By Philip Bump, The Washington Post
Judges at the high school cross-country competition in the Bronx's Van Cortlandt Park had a problem.
Joe and Clarence Scott, the 16-year-old twin seniors from Brooklyn Automotive High School, crossed the finish line of the two-and-a-half Mile race that drizzly, cold November day in first place -- simultaneously. Holding hands. The pair were among the top runners in their age group in the city in 1958, often winning or finishing near the top of the standings in distance events.
But the Scotts' unusual finish was a violation of the rules, since it implied that they'd colluded on the ending.
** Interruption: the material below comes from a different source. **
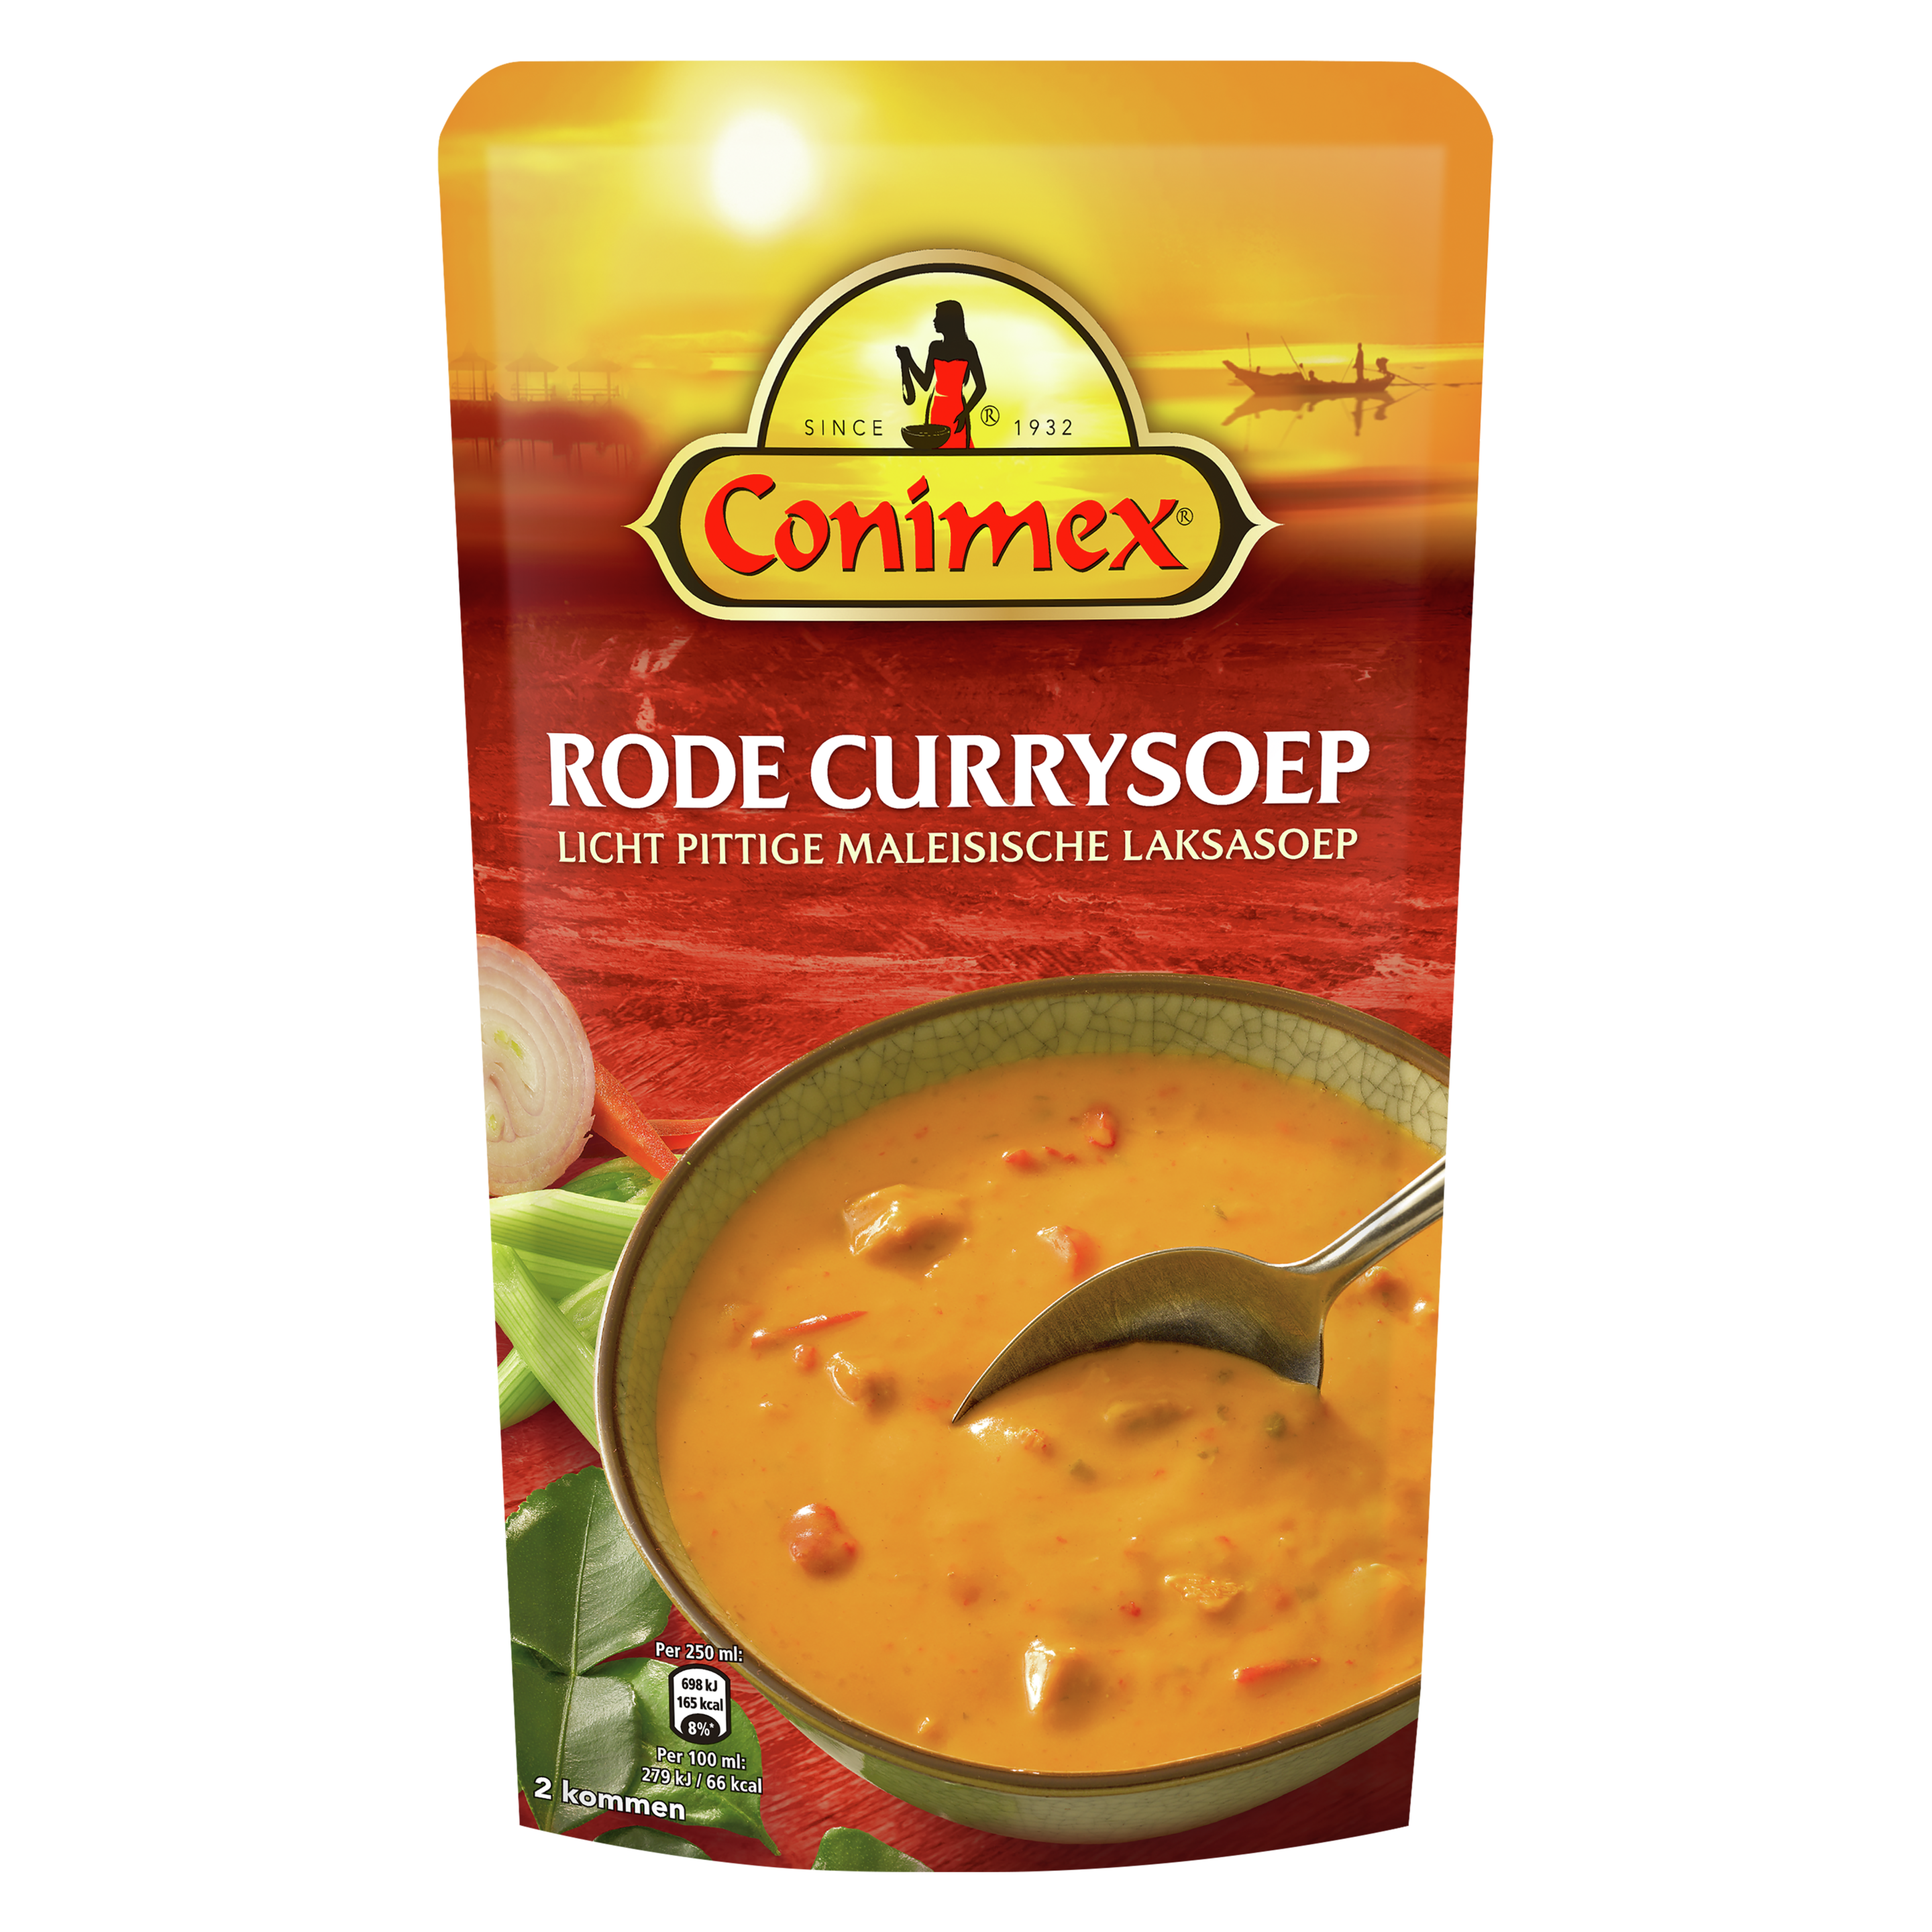 Rode Currysoep

Distance running, even at that level, was a big deal. This was only a few years after Roger Bannister became the first to beat the 4 minute Mile, and running had captured the nation's attention. The New York Times ran front-page articles about professional runners shaving a few seconds off one another's time. In this case, the judges -- not wanting to reject the results (the pair had won by a wide margin) -- declared Joe the winner and Clarence second, with identical times. The whole situation was interesting enough to itself warrant an item in the Times, titled, "Identical Twins Finish Together But School Judges Pick Winner."